Archive | February, 2022

Joining us in the studio …

15 Feb

It’s strange when the BBC does it, and now that ITV seems to be doing it too, it’s equally strange:

Like the BBC’s, the articles on the ITV News website are unbylined, and, like the BBC’s, ITV’s correspondents are sometimes quoted in them almost as though they were a source – an outside expert whose views have been sought – rather than a colleague of the person writing the article.

The rhetorical effect of this can be peculiar and, when it first came to the blog’s notice six years ago, it was hard to work out why it was happening. Such is the BBC’s mania for impartiality, the quoting of its own employees in the third person made it seem as though it wanted to be distanced from them, as it might from a contentious politician. A disclaimer like the one that accompanies links to Twitter – “the BBC is not responsible for the content of external sites” – seemed to hover over the quoted correspondents too.

For instance, in 2015, the anonymous author of a BBC article about a lawsuit by Rihanna wrote:

“The BBC’s legal correspondent Clive Coleman said this was the first reported English case of a celebrity claimant successfully relying on passing off to claim compensation for the unauthorised use of their personal image.”

Right: but was it or wasn’t it the first? Is there some doubt about this assertion? If one’s own legal correspondent says so, shouldn’t that be enough to report it ex cathedra? Passages like these have the effect of turning the spotlight away from the brand-name reporter and on to the mysterious online author. If Coleman is not entirely to be trusted, as this distancing suggests, who is actually speaking for the BBC? Is it the person writing the article?

However, in the ITV piece, the effect is slightly different. When this author says:

“Deputy Political Editor Anushka Asthana, who has spoken to sources in Whitehall, has the following explanation of what is happening with Ms Gray’s report”

the tone is not cautionary or distancing, but something rather more familiar: it’s introductory, the sound of one person handing over to another. In other words, it’s the sound of TV news.

The whole format of television current affairs is predicated on journalists asking other journalists what’s going on. “Alex is one of the few reporters still in Kandahar, and she joins us on on the line now. Alex, what can you tell us?” This, perhaps, is why this phenomenon is common on broadcasters’ news sites, but never seen elsewhere.
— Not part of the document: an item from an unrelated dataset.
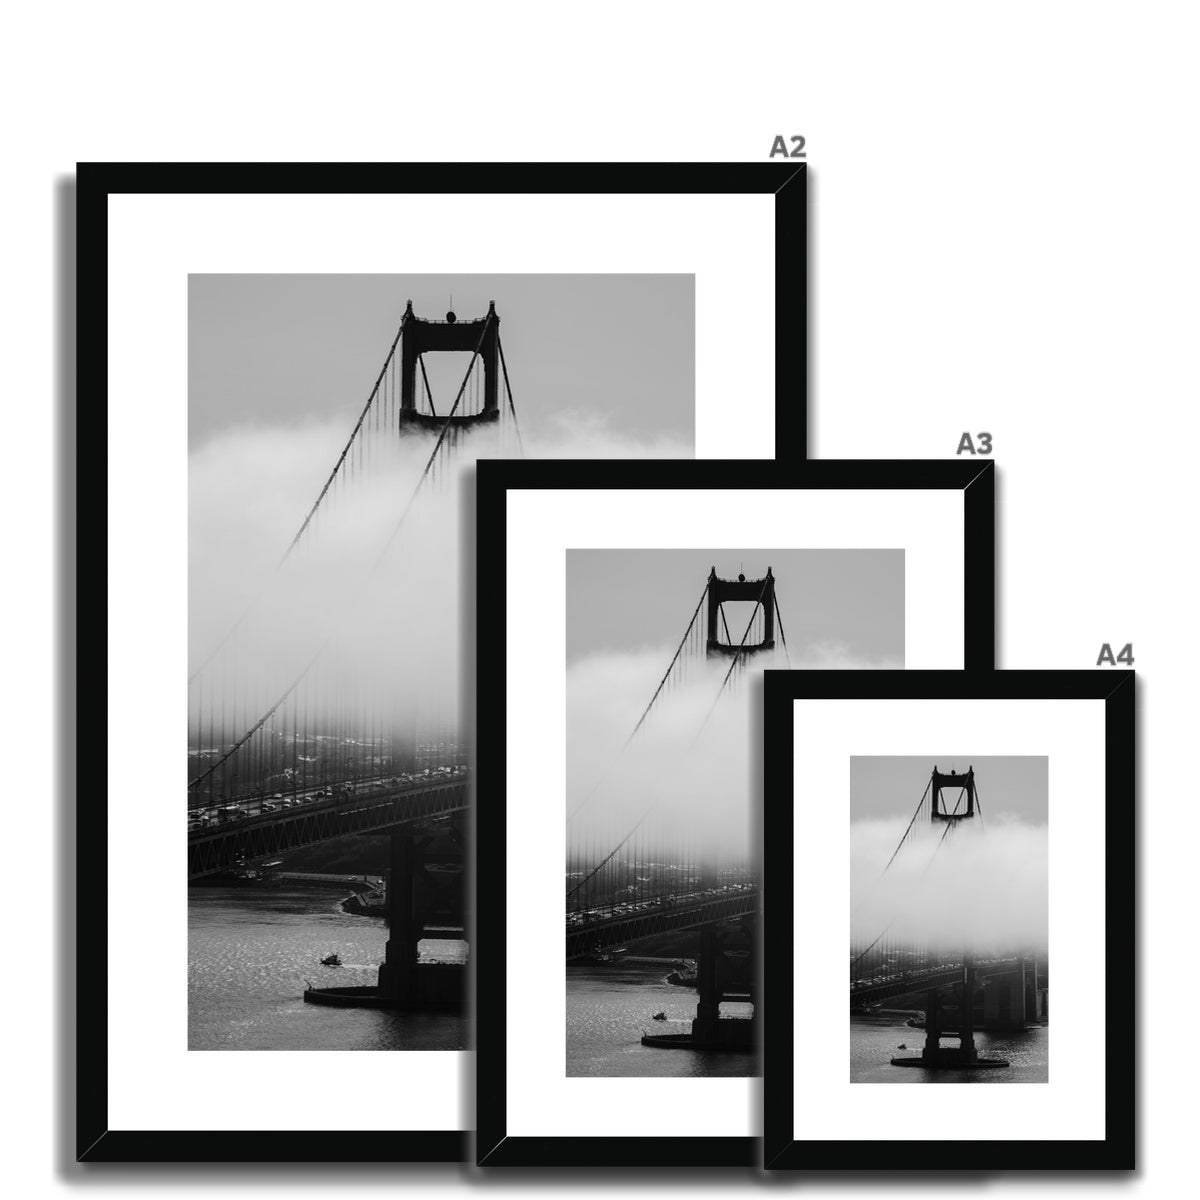 A bridge in a towel of fog Framed & Mounted Print

Newspaper hacks have their byline at the top of their work, but TV news correspondents have always needed someone else to introduce them. So the voice of the unbylined author that can seem so baffling to newspaper readers may not be the incorporeal conscience of the BBC: perhaps it’s just the voice of a facilitator in the middle, or a ringmaster introducing the acts. Perhaps It’s really the voice of a newsreader, but translated from the studio to the page?


’Orrible murder! Readallabahtit!

1 Feb

Drugged, disoriented and with something horrific in his jacket pocket, Sir George Fenwick rolls out of bed in a cheap boarding house and stumbles to the window, where a man with a slightly orotund Cockney accent is selling papers on the street below. “Mornin’ paper! All abaht the murder! ‘Orrible murder! Mornin’ paper!”

Fenwick, ashen, gathers his hat and flees the scene, but the next thing that appears on screen, of course, is this:

The scene is from The Woman In Green, one of the classic Sherlock Holmes movies of the 1930s and 40s that starred Basil Rathbone and Nigel Bruce. Although the series moved the characters forwards in history to contemporary (ie wartime) Britain, they were made 5,000 miles away in Hollywood, usually to a budget, with the result that London seemed to be populated by an unusual number of left-hand-drive cars and mid-Atlantic accents.

However, authenticity doesn’t seem to be a problem here for the “London Daily C…” (“Chronicle”, perhaps?). The headlines fit well and read well, unlike those in most movie newspapers. There is a story about football (Blackburn and Derby), and one about Oxford’s travails before the Boat Race. There’s even some proper copy for the fictional lead story.

Only one thing really jars: the headline about Puerto Rico. Would news from a US-administered territory really make the top of page 1 in a “Great Daily of the Empire”, and would “Beverley” (presumably James R Beverley, former governor) be a name well-known in Marylebone?*

Well, only that and the other thing, of course. Edgeware? With three E’s? “the Edgeware Road”? Gor blimey, guv, anyone could tell yer not from rahnd ‘ere.

*Also, if it is James R Beverley, he did indeed preside over rescue efforts after a devastating hurricane – but in 1932. He ceased to govern Puerto Rico in 1933, which would make that story several years old in wartime London. Furthermore, online research suggests that the controversy over using “swivels” (swivelling rather than fixed mounts for the oars) was already raging in Oxford rowing circles by the mid-1930s. That raises some interesting questions about how the props department put this edition of the Chronicle together for the screen.